▸ Source material:
+ + + + +

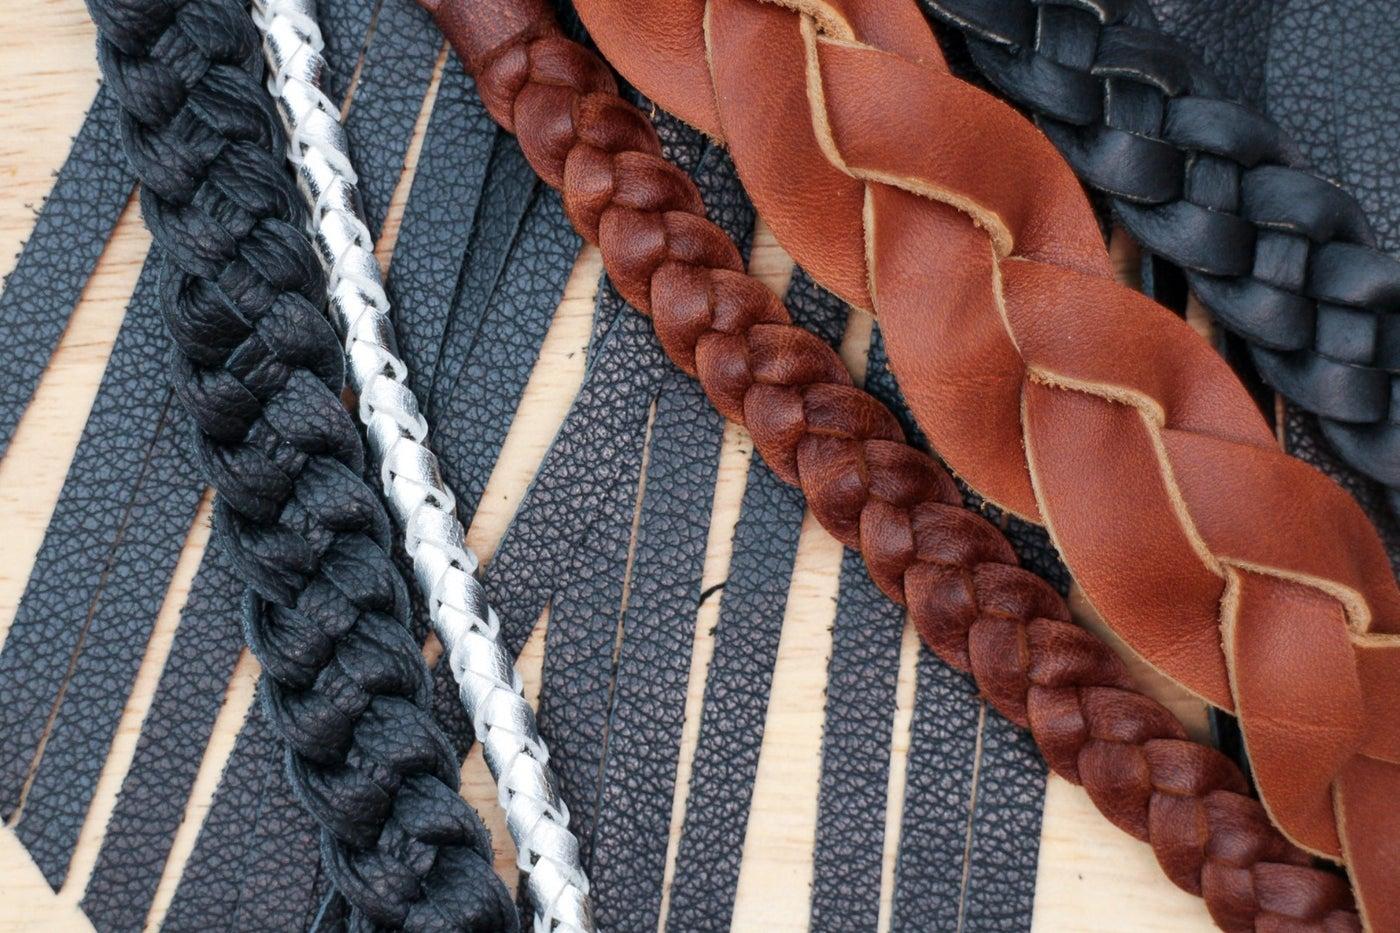 Making Leather Braids
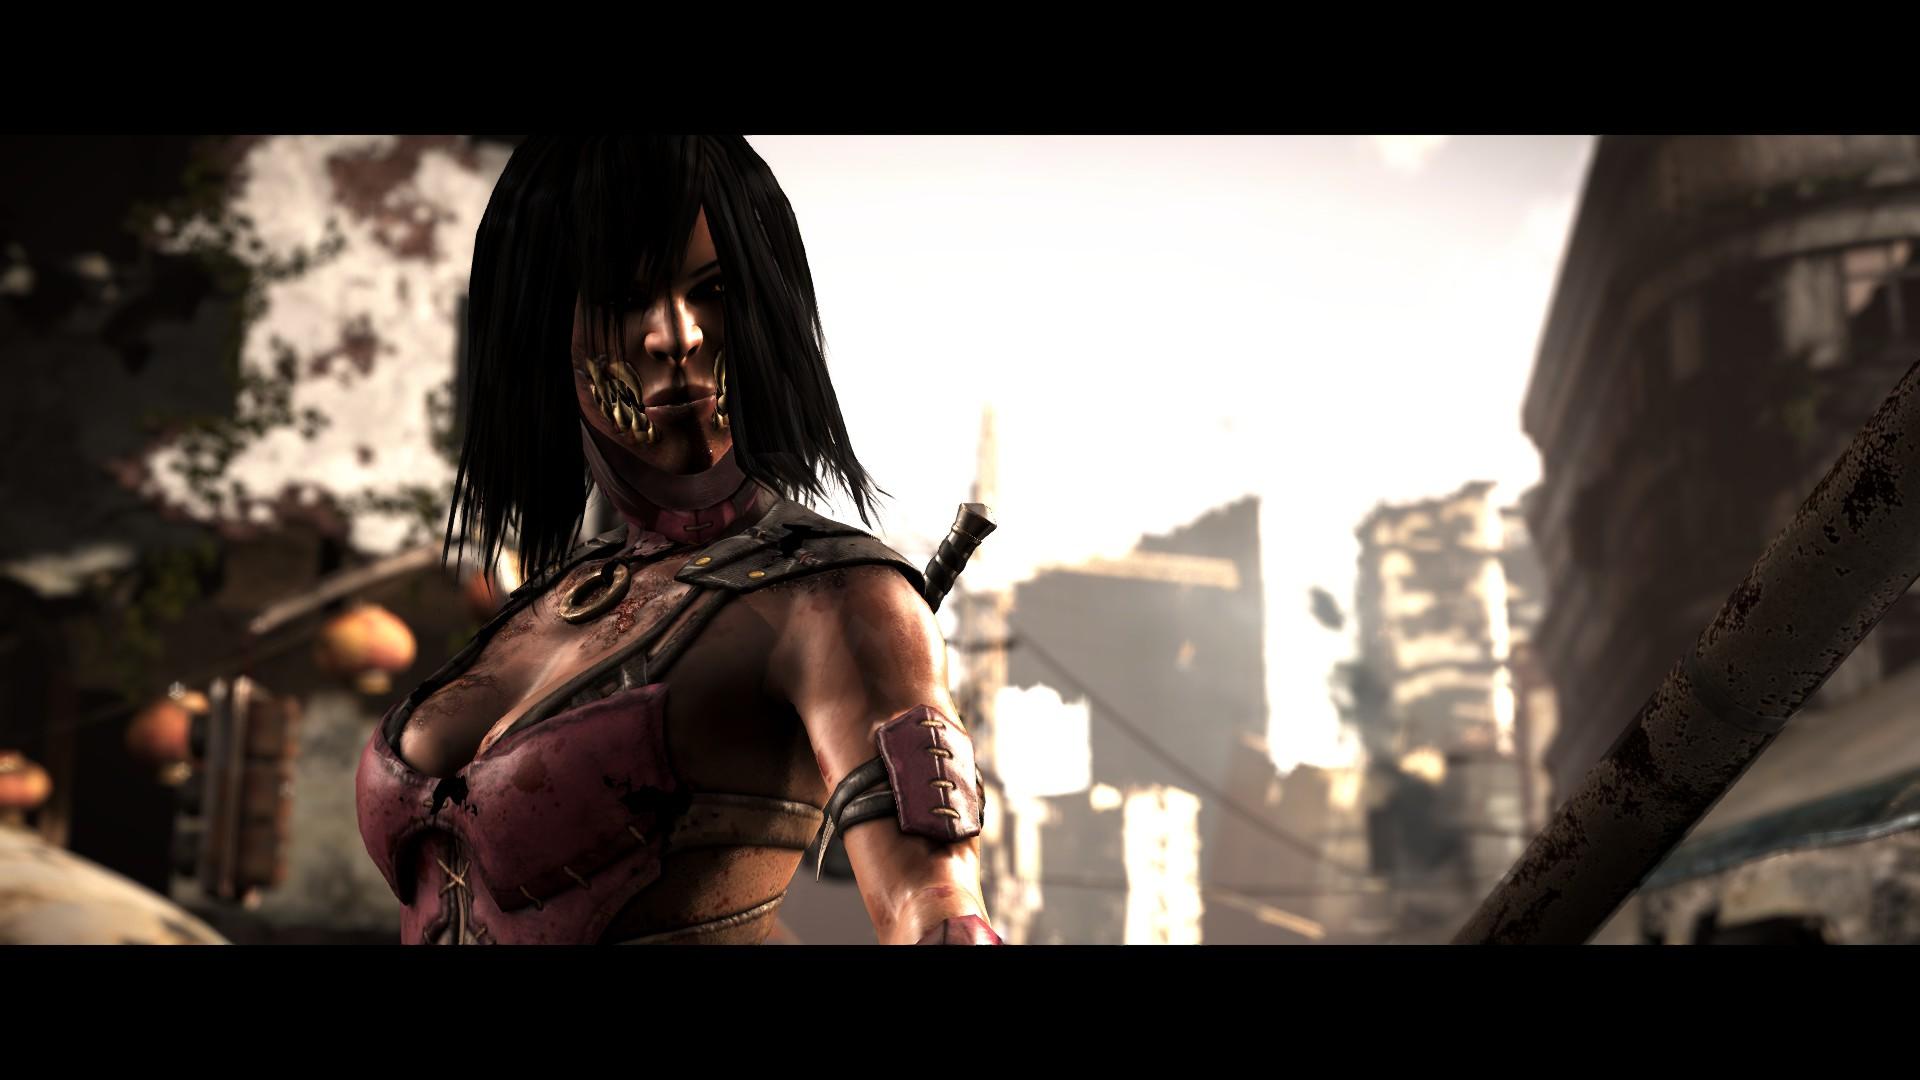 20170120150123_1.jpg - Mortal Kombat X
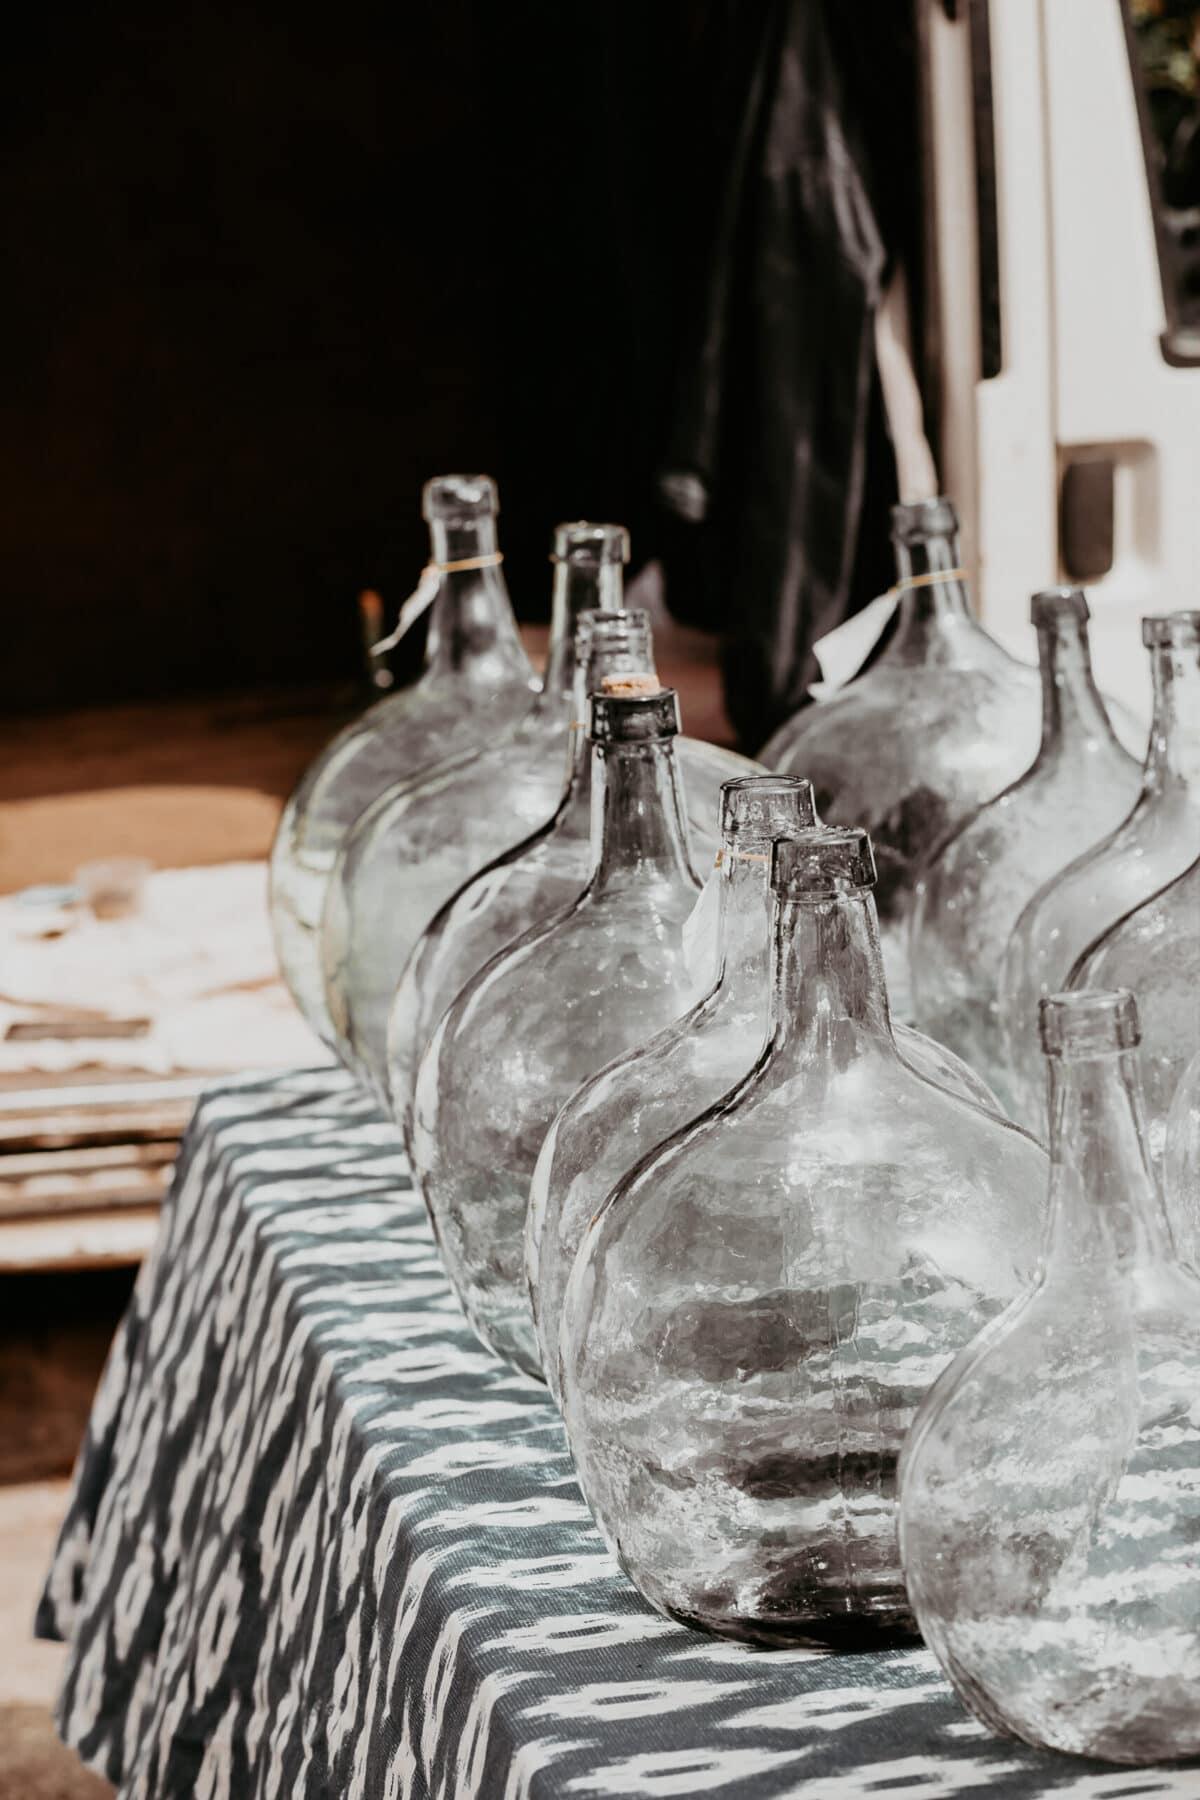 Glass bottles flea market Mallorca
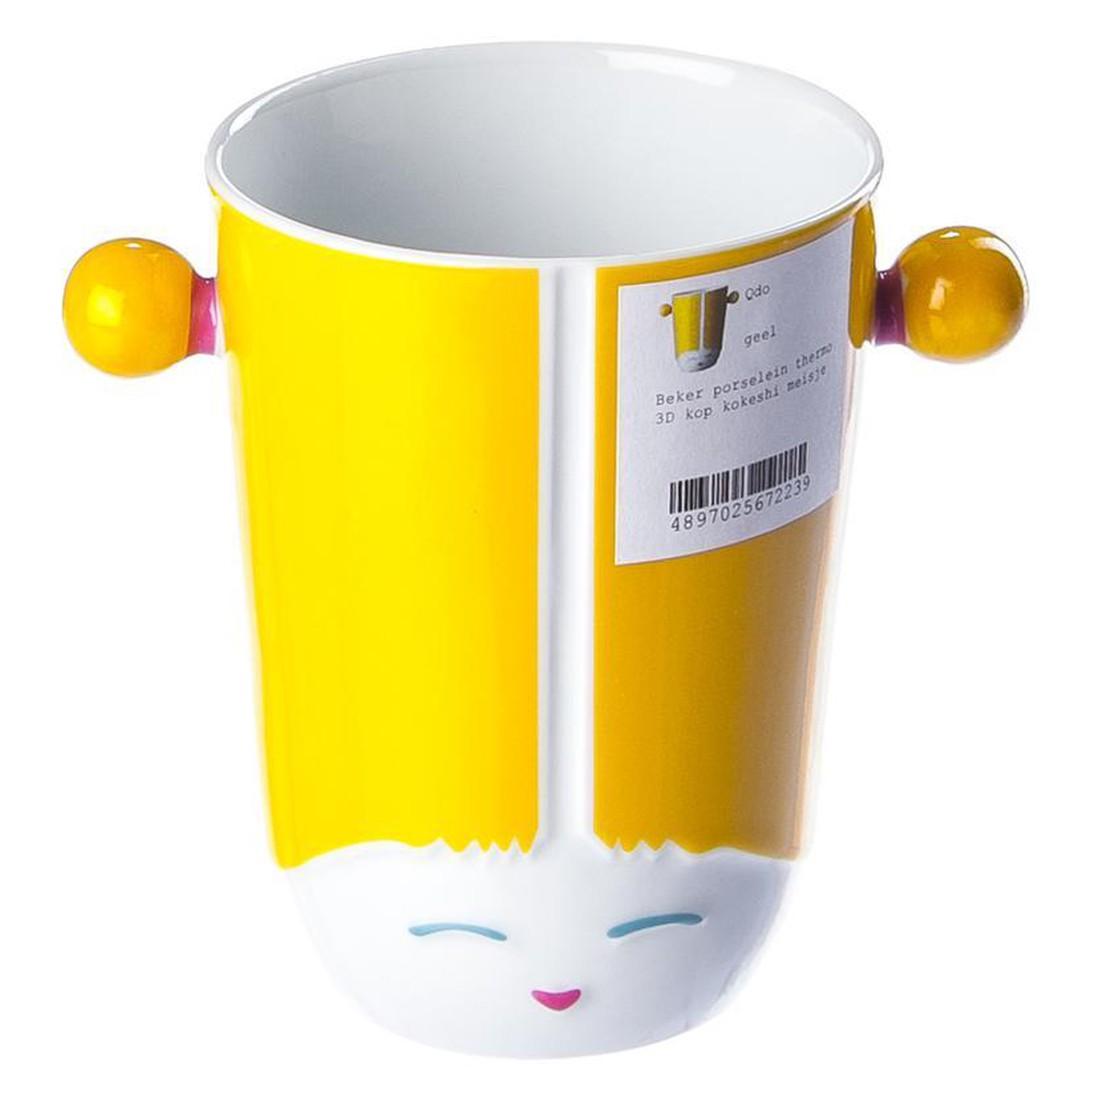 Thermobecher 3D-Tasse Kokeshi Girl – Porzellan – Gelb, Qdo kaufen

+ + + + +

▸ Work to be completed: Return the listing above word for word, with the pictures removed.

▸ Output of the exercise:
 Making Leather Braids
 20170120150123_1.jpg - Mortal Kombat X
 Glass bottles flea market Mallorca
 Thermobecher 3D-Tasse Kokeshi Girl – Porzellan – Gelb, Qdo kaufen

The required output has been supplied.